■ **TASK TO CARRY OUT**:
Below is a listing; transcribe it exactly but without any images.

■ **DATA SECTION**:
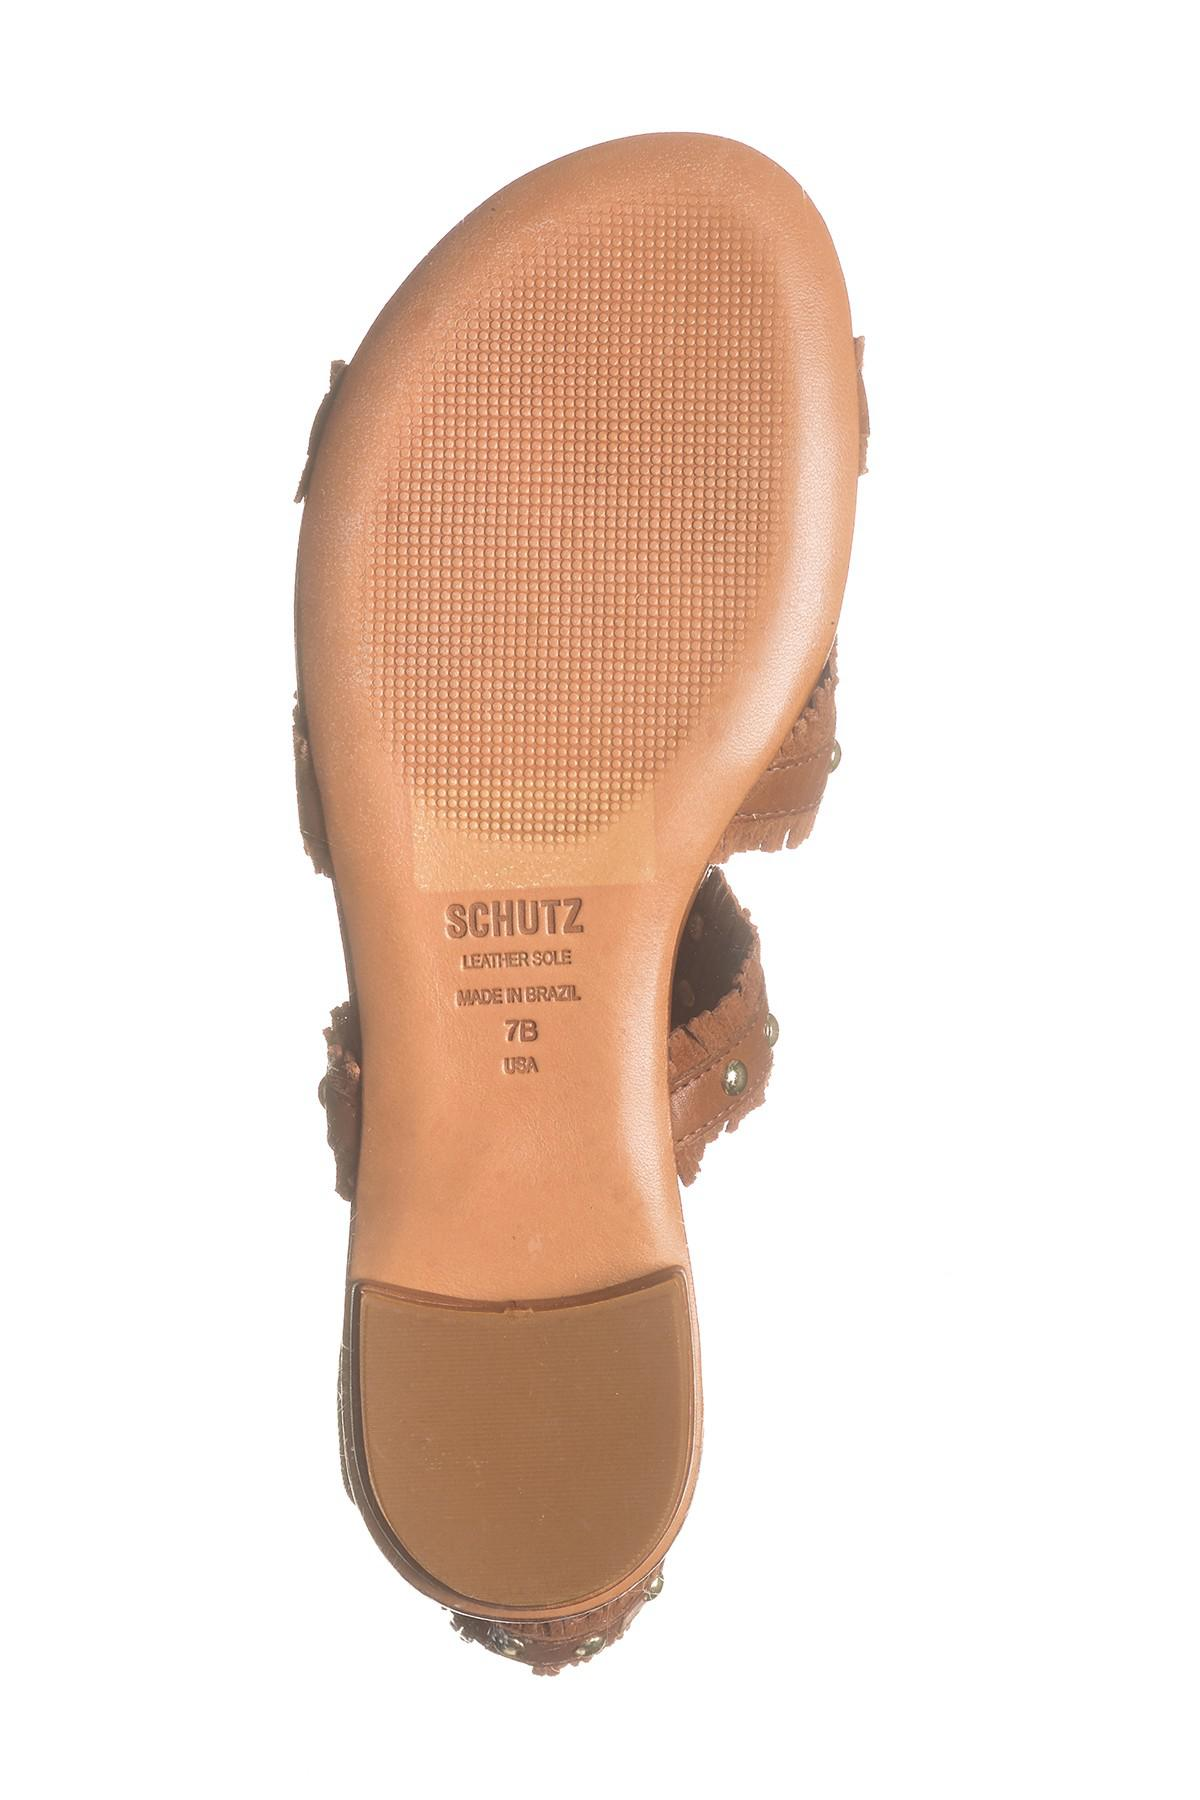 917941858539 Schutz - Brown Nayara Studded Fringe Gladiator Sandal - Lyst. View  fullscreen
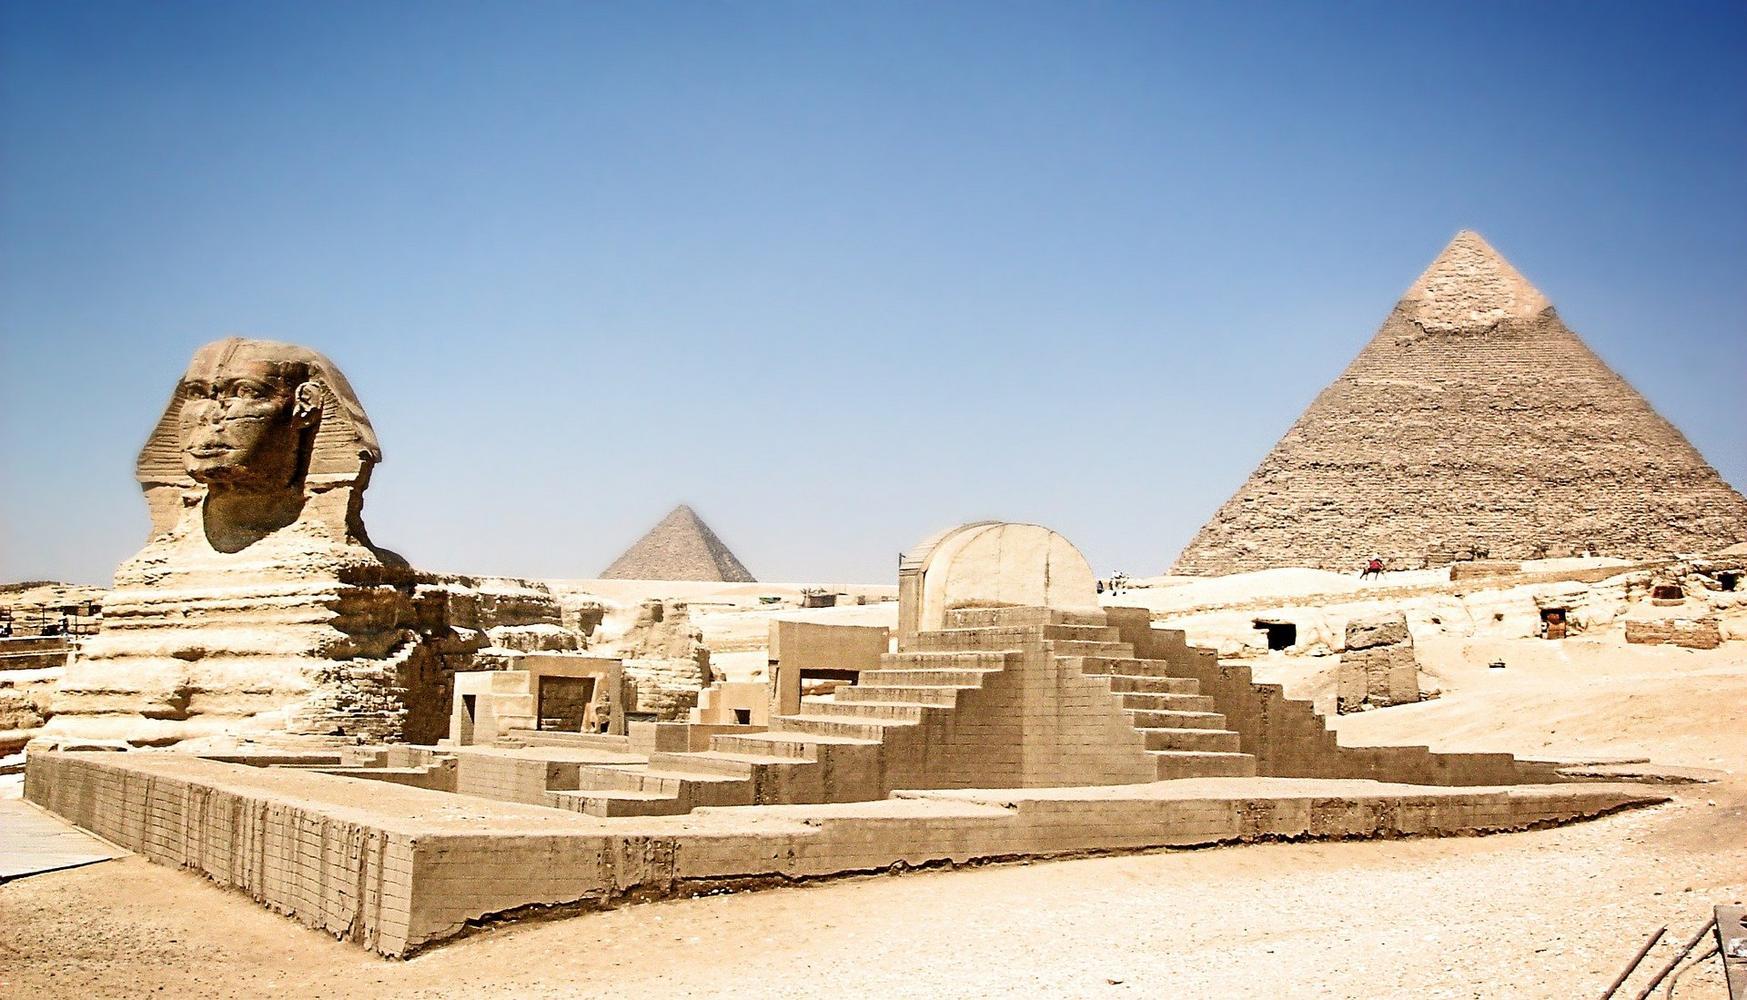 Giza necropolis - sphinx and pyramids, Cairo, Egypt
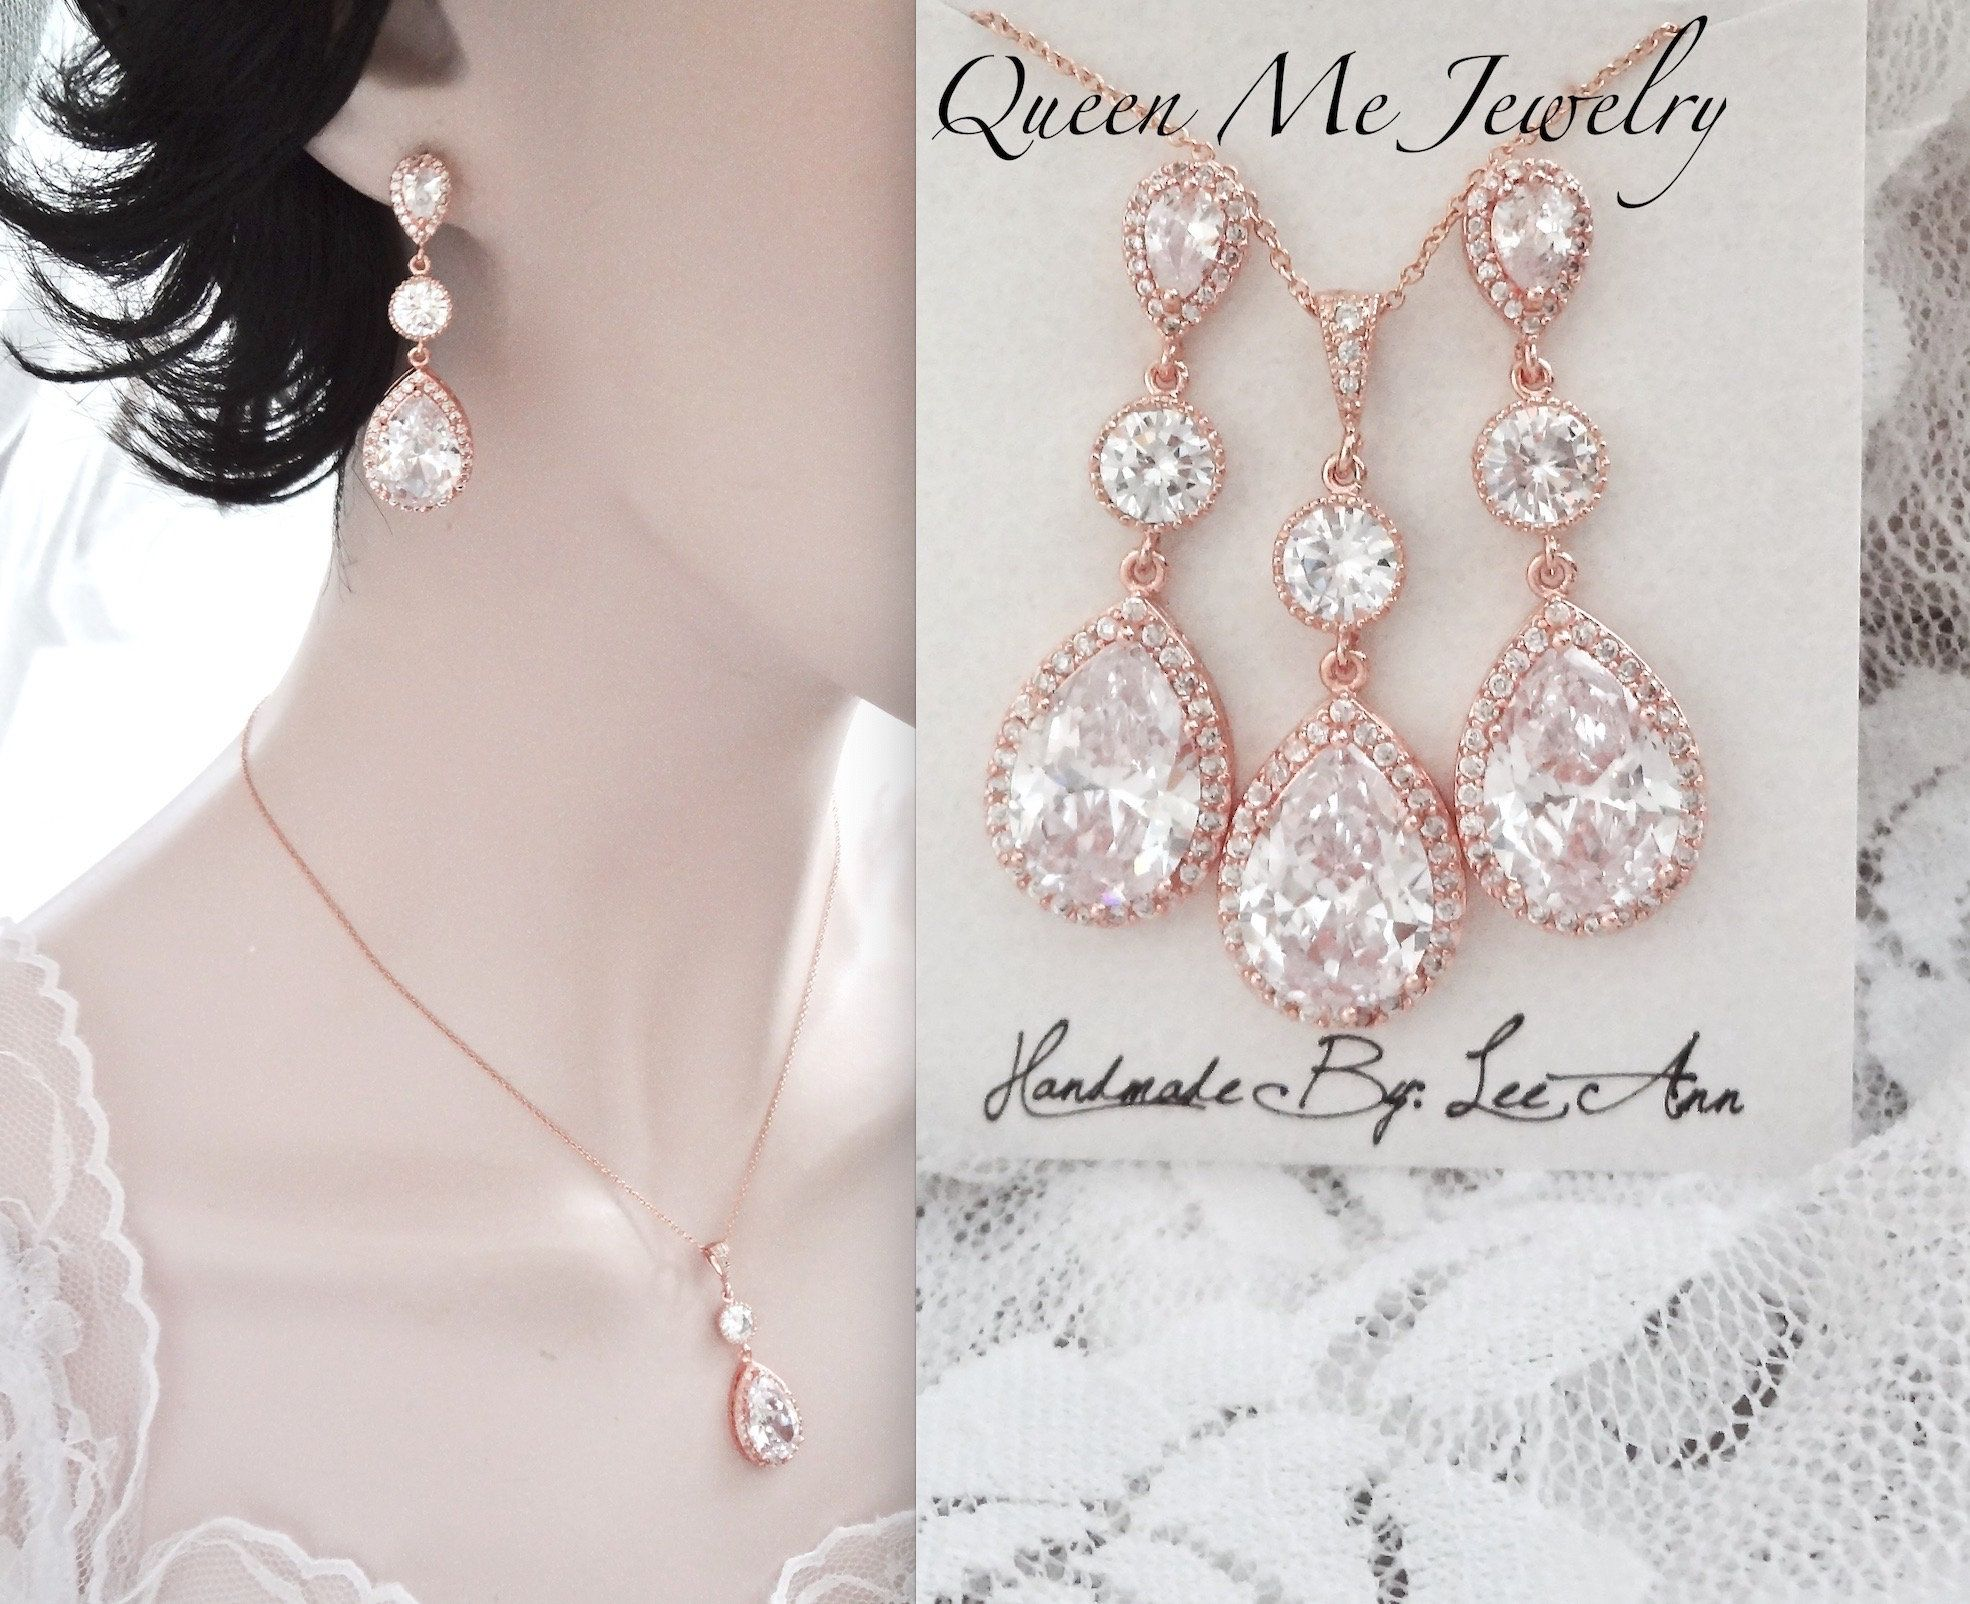 Wedding Bracelet Earrings set Zirconia Leaf Bracelet Earrings Wedding Jewelry Rose gold Bridal Bracelet set Bridesmaid Bracelet Gifts Fay

■ **SOLVED EXERCISE**:
 917941858539 Schutz - Brown Nayara Studded Fringe Gladiator Sandal - Lyst. View  fullscreen
 Giza necropolis - sphinx and pyramids, Cairo, Egypt
 Wedding Bracelet Earrings set Zirconia Leaf Bracelet Earrings Wedding Jewelry Rose gold Bridal Bracelet set Bridesmaid Bracelet Gifts Fay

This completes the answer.